Context: Medical expulsive therapy (MET) for urolithiasis has gained increasing attention in the last years. It has been suggested that the administration of alpha-adrenoreceptor antagonists (alpha-blockers) or calcium channel blockers augments stone expulsion rates and reduces colic events.
Objective: To evaluate the efficacy and safety of MET with alpha-blockers and calcium channel blockers for upper urinary tract stones with and without prior extracorporeal shock wave lithotripsy (ESWL).
Evidence acquisition: A systematic review of the literature was performed in Medline, Embase, the Cochrane Central Register of Controlled Trials, and the Cochrane Database of Systematic Reviews searched through 31 December 2008 without time limit. Efficacy and safety end points were evaluated in 47 randomised, controlled trials assessing the role of MET. Meta-analysis was conducted using Review Manager (RevMan) v.5.0 (The Nordic Cochrane Centre, The Cochrane Collaboration, Copenhagen, Denmark).
Evidence synthesis: Pooling of alpha-blocker and calcium channel blocker studies demonstrated a higher and faster expulsion rate compared to a control group (risk ratio [RR]: 1.45 vs 1.49; 95% confidence interval [CI]: 1.34-1.57 vs 1.33-1.66). Similar results have been obtained after ESWL (RR: 1.29 vs 1.57; 95% CI: 1.16-1.43 vs 1.21-2.04). Additionally, lower analgesic requirements, fewer colic episodes, and fewer hospitalisations were observed within treatment groups.

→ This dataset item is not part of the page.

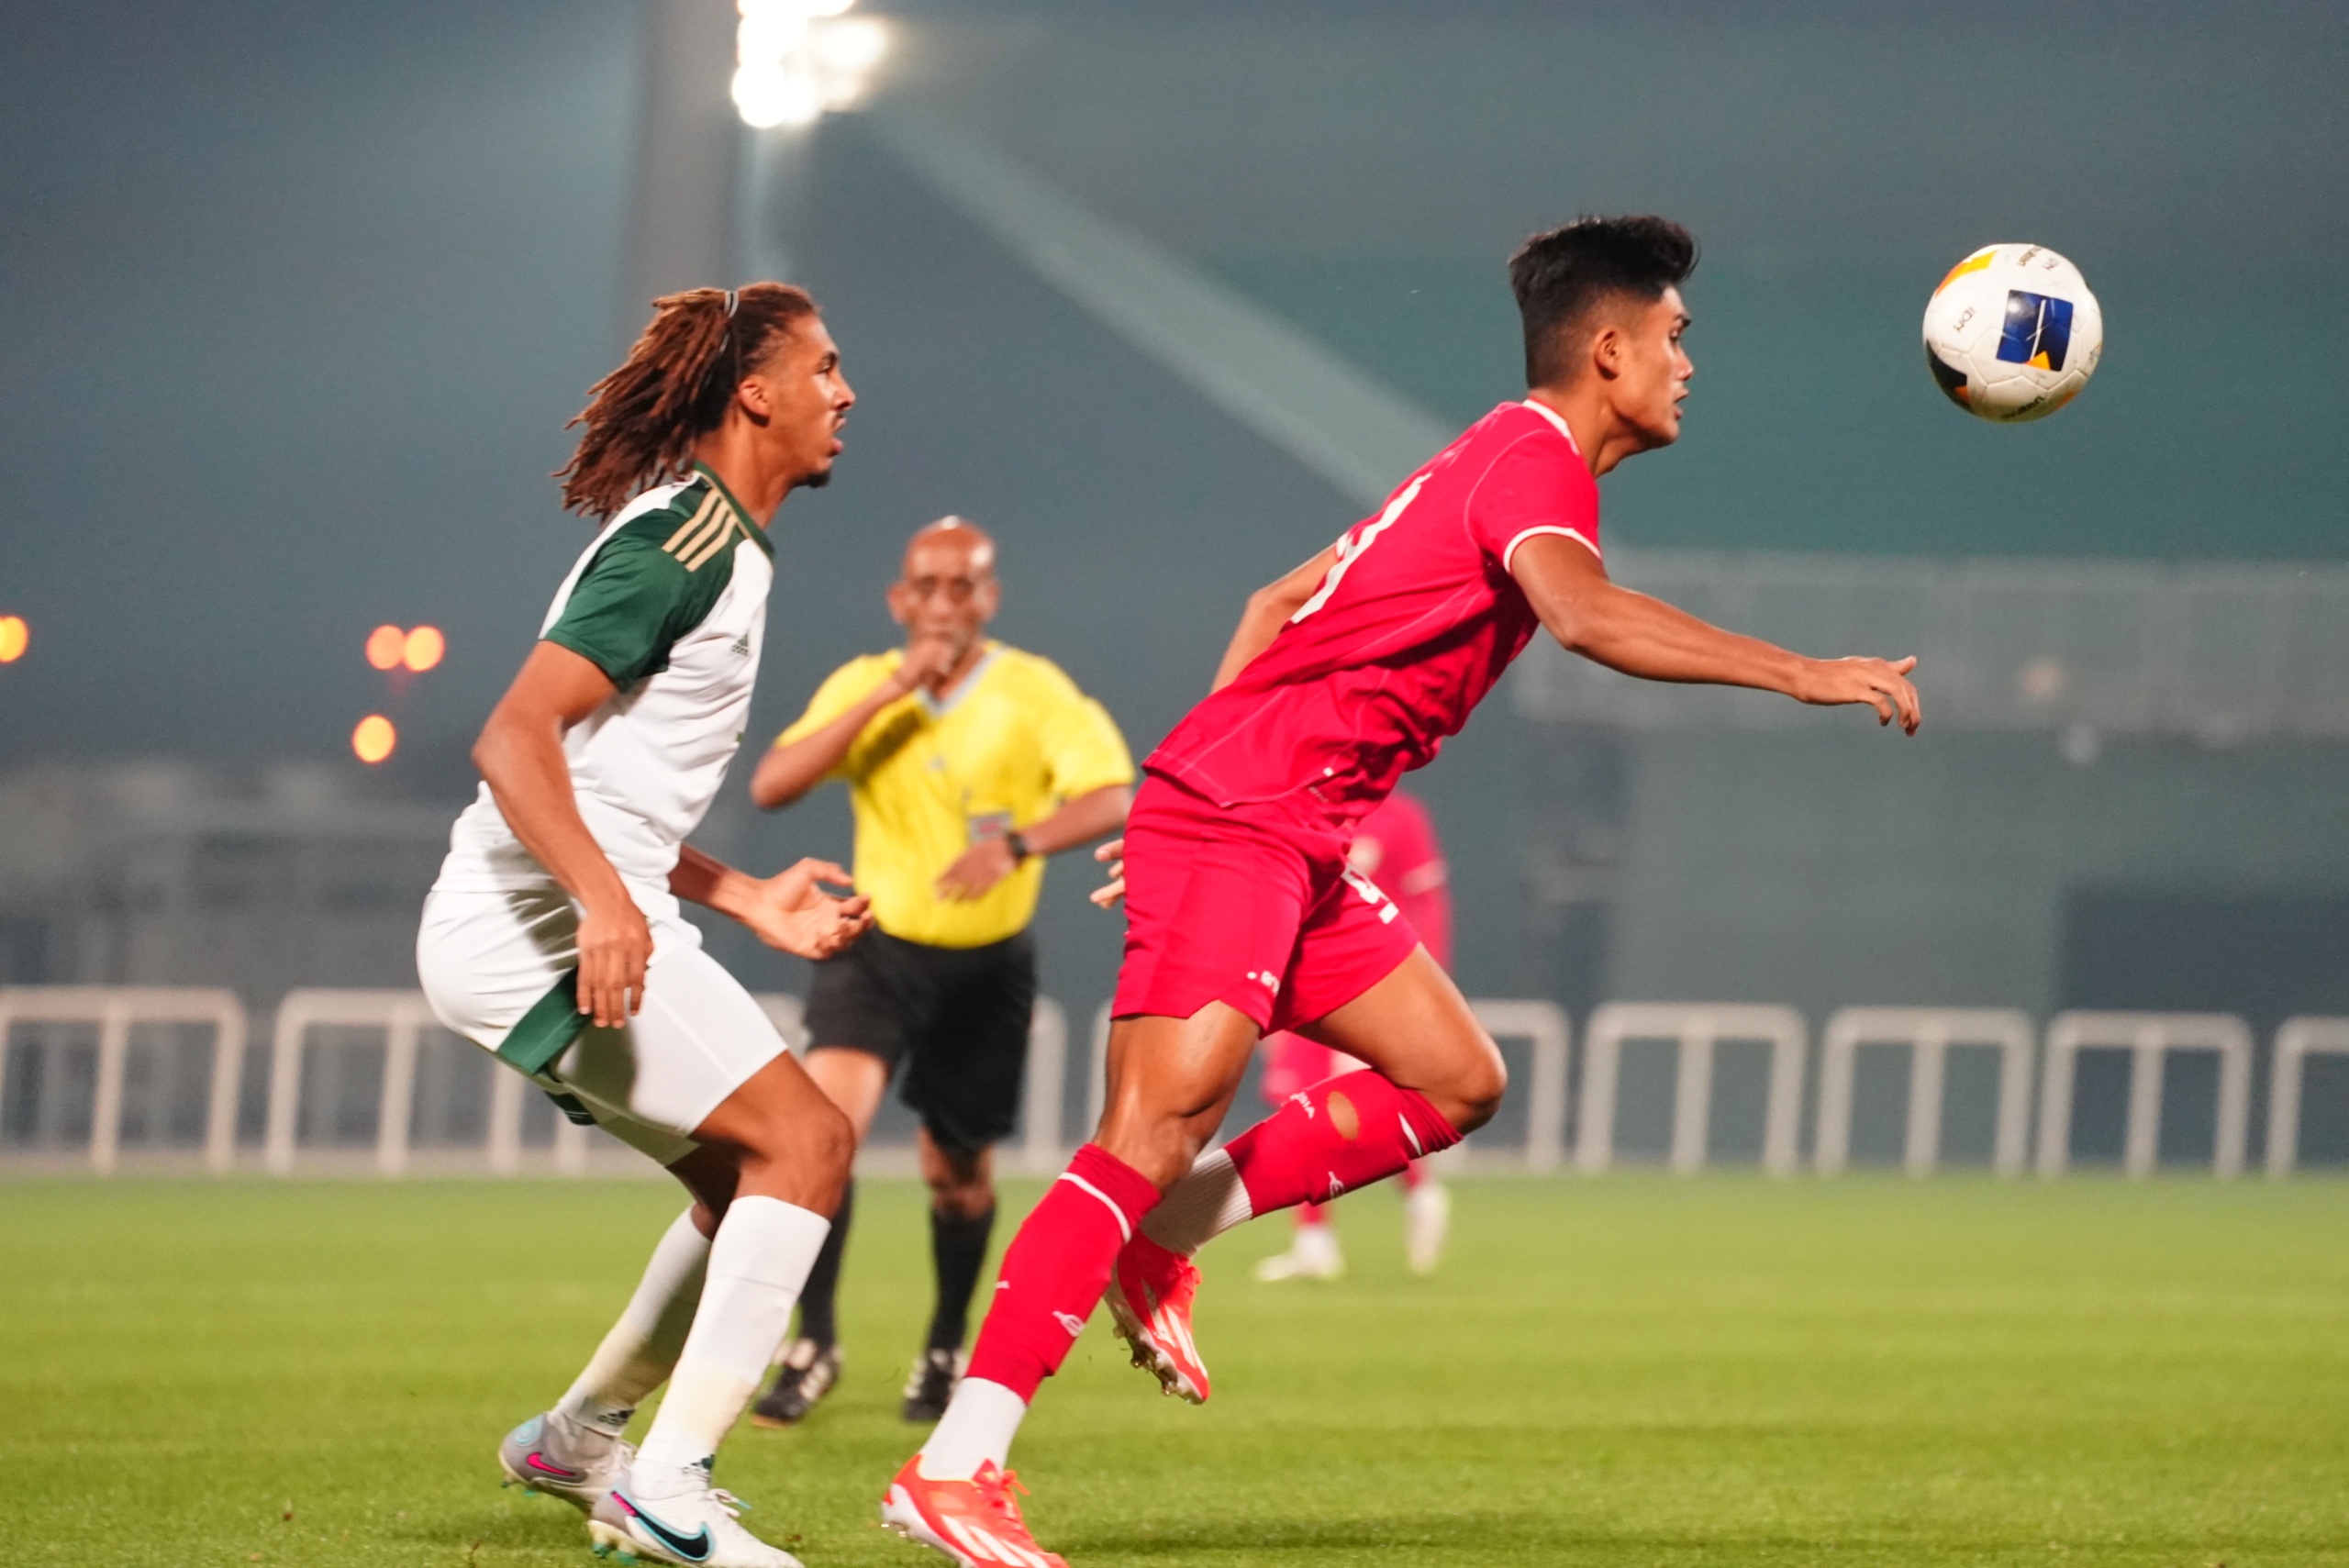 Penyerang timnas Indonesia U-23, Ramadhan Sananta mencoba mengontrol bola saat dihadang pemain bertahan Arab Saudi U-23 dalam pertandingan uji coba jelang Piala Asia U-23 yang berlangsung di The Sevens Stadium, Dubai, Uni Emirat Arab, Jumat (05/04/2024). Foto: PSSI

Conclusions: Pooled analyses suggest that MET with alpha-blockers or calcium channel blockers augments stone expulsion rates, reduces the time to stone expulsion, and lowers analgesia requirements for ureteral stones with and without ESWL for stones < or = 10 mm. There is some evidence that a combination of alpha-blockers and corticosteroids might be more effective than treatment with alpha-blockers alone. Renal stones after ESWL also seem to profit from MET. The vast majority of randomised studies incorporated into the present systematic review are small, single-centre studies, limiting the strength of our conclusions. Therefore, multicentre, randomised, placebo-controlled trials are needed.